Однако о том, чтобы обсуждать действия командира бригады, не могло быть и речи. Это подорвало бы его авторитет, а следовательно, и боеспособность бригады. Посоветовавшись, мы с Винокуровым сошлись на том, что надо искать помощь у представителя Западного штаба партизанского движения. Не сказав никому ни слова, мы сели на лошадей и поскакали в 1-ю Клетнянскую бригаду, где находился после разгрома Понетовки Архангельский…

Поход

Вечером 2 ноября 1942 года бригада двинулась на разгром станции Пригорье. Почти до самой Вороницы путь проходил лесом. В воздухе кружились одинокие снежинки. Погода на этот раз была союзницей партизан — ночь ожидалась сухая и темная. Я шагал рядом с Коротченковым в середине колонны и с благодарностью думал об Архангельском. Он внимательно отнесся к нашей с Винокуровым просьбе, умело помог выйти из создавшегося положения.

Архангельский приехал к лазовцам через день после нашей встречи в лагере бригады Данченко. Накануне он вызвал к себе Коротченкова и познакомился с планом операции. Появившись в штабе, Архангельский приветливо поздоровался, принялся расхваливать землянку.

— Ну и молодцы лазовцы, какое помещение отгрохали! Не землянка, а целый дом!

— Долго здесь собираемся жить, — довольно ответил Кезиков.

— Это хорошо… Но я в обиде на вас, Григорий Иванович! Готовите интереснейшую операцию и держите от меня в секрете!

— Да мы не все до конца решили…

— Задумано замечательно, — продолжал Архангельский, сделав вид, что не расслышал Кезикова. — Смело, дерзко, именно по-партизански! Я, как узнал, немедленно связался с начальником штаба Поповым. Он полностью одобрил намерение лазовцев и приказал помочь вам. С планом операции я знаком. О том, какая требуется помощь, тоже примерно знаю. Вот и документ уже подготовлен. Посмотрите, пожалуйста.

Кезиков взял исписанный четким, убористым почерком лист и стал внимательно читать…

В помощь нам из 2-й Клетнянской бригады придавалась рота из батальона Шевцова для подрыва мостов и рота из батальона Толочина для отвлечения сещинского гарнизона.

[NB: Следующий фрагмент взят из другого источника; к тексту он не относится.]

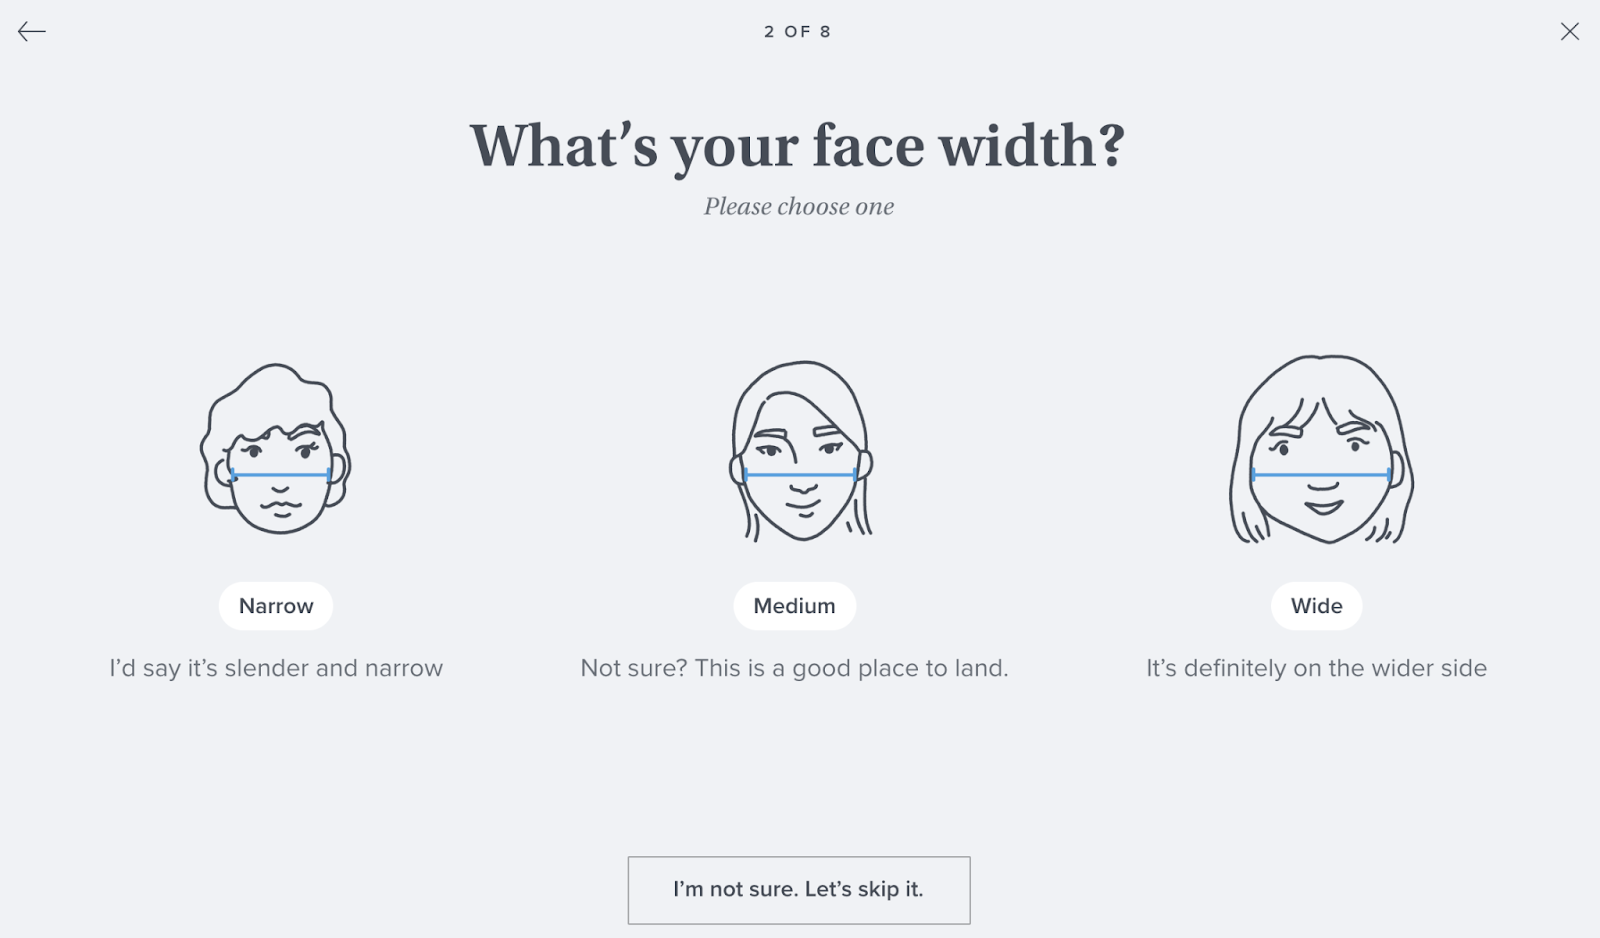 Warby Parker asking question to understand the face shape

Кезиков ни словом больше не обмолвился о своих сомнениях и безропотно принял план похода на Пригорье.

Закипела работа. Командира бригады будто подменили. Он внимательно следил за подготовкой батальонов, подразделений разведки, диверсионной службы, санчасти. Но довести дело до конца ему не пришлось. За несколько часов до выхода бригады Кезикова свалили острые боли в желудке, он вынужден был остаться в лагере, а руководство операцией возложили на Коротченкова…

После недолгой задержки на переправе через Вороницу колонна безостановочно двигалась по маршруту и за час до рассвета остановилась на отдых на опушке леса у деревни Максимково.